Unique Jaime Ortiz-Patiño golf collection under the hammer at Christie’s
Christie’s London saleroom is the venue for a very unique auction on 30th May. Entitled ‘Origins of Golf: The Jaime Ortiz-Patiño Collection’, it features the lifelong collection of one of the big names in the world of golf.
The celebrated entrepreneur and golf aficionado achieved legendary status in the game when he took over the now famous Valderrama Golf Club in Sotogrande, Southern Spain, and made it a Ryder Cup venue.
Patiño’s perfectionism is the stuff of legends, so it’s perhaps not surprising that under his leadership this beautiful course not far from Marbella became one of the leading golf clubs in Europe, with long waiting lists of keen players from around the world.
His lifelong dedication to golf is furthermore reflected in this authoritative collection of objects that spans golf clubs, balls, books, paintings, images, artwork and many one-off pieces tracing the history of the noble sport through the 20th and 19th centuries and all the way back to its early origins in the 16th century.
Though a great many different theories exist as to the true nature of the sport, a game resembling golf is believed to have played by the Indians of North America, while on the frozen canals and lakes of The Netherlands an early mix of golf and ice hockey paved the way for what was to become the modern game of golf.
It was on the lush but rainy and windswept fields of Scotland that the sport would emerge as we know it today.
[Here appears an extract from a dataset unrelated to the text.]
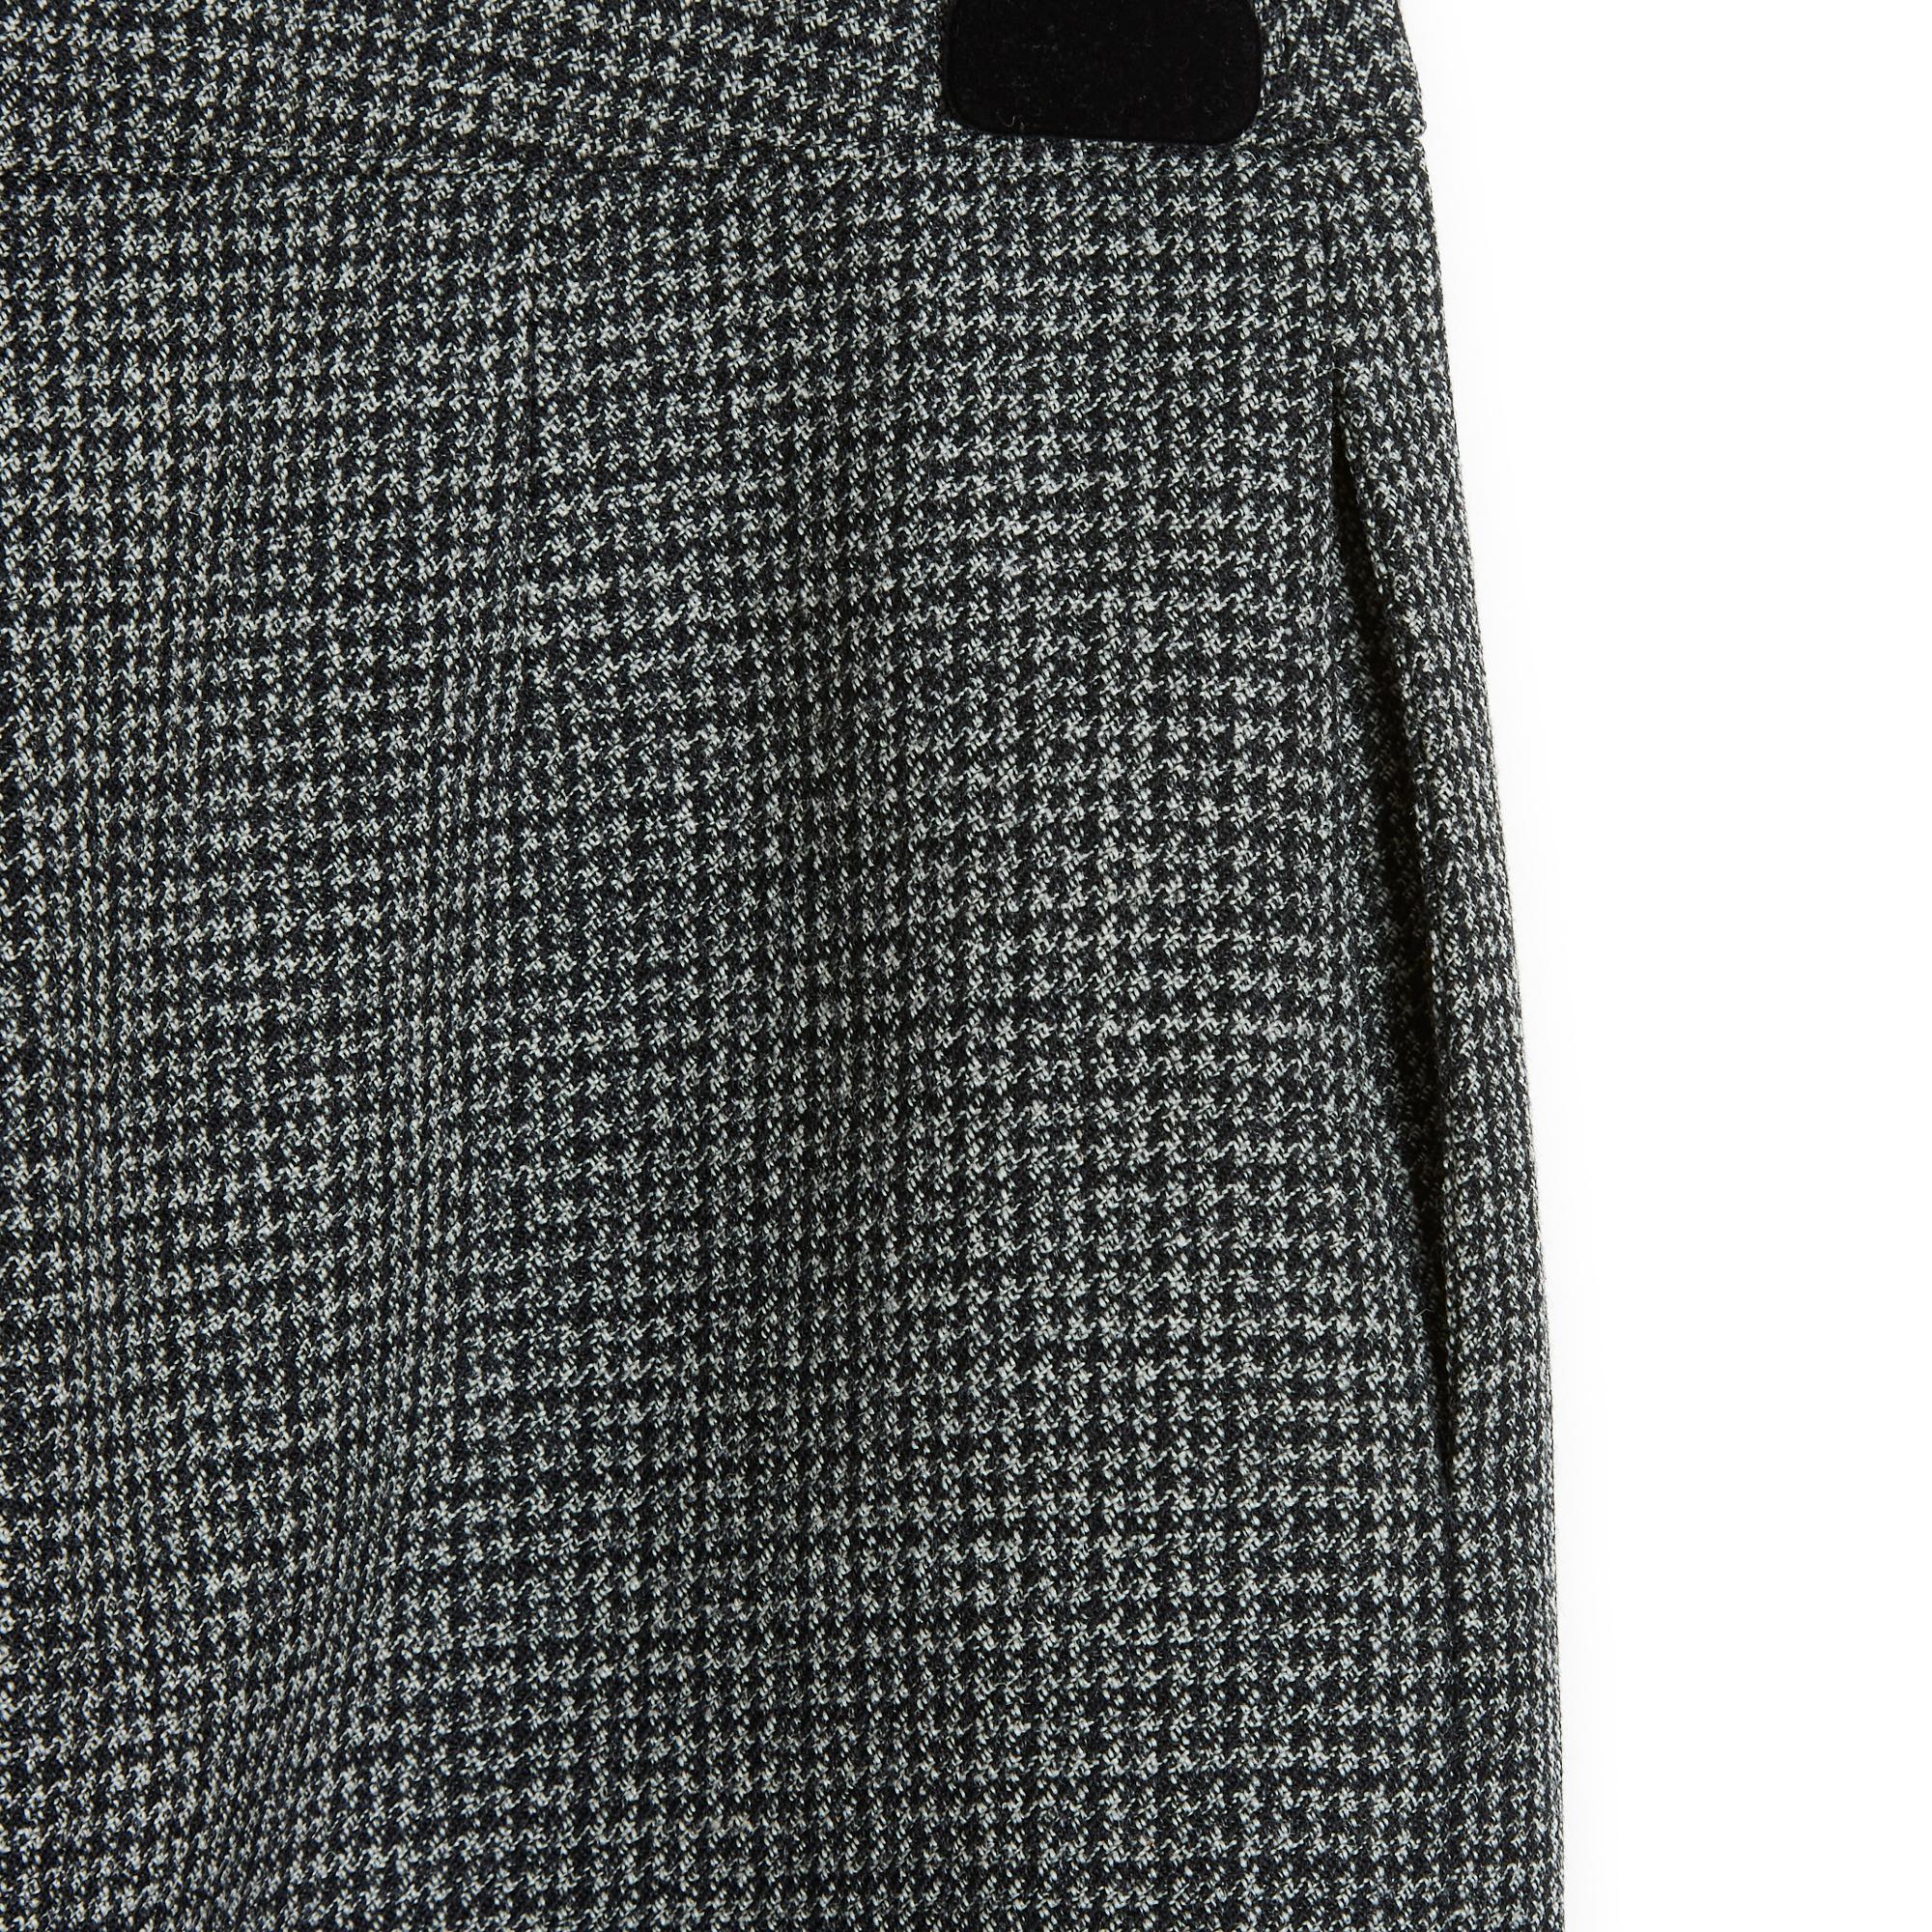 Saint Laurent skirt by Hedi Slimane short in thick woolen cloth, houndstooth pattern in anthracite gray and black, 2 slit pockets on the sides, black silk lining, closed with a hook and a zip on the side. Size FR38: waist 37 cm, length 39.5 cm in

Intricately associated with Britain, and Scotland in particular, the game of golf has since gone on to conquer America, Europe and now the rest of the world. Today it is a truly international sport with a global audience, yet in spite of the fact that it has become a huge business, much of the charm of golf lies in the fact that it still retains the grace of an earlier age.
You would be hard-put to find a more interesting and highbrow ensemble of memorabilia, and Christie’s are expecting serious interest from golf lovers from across the world. Given the provenance of the collection, it is easy to see why.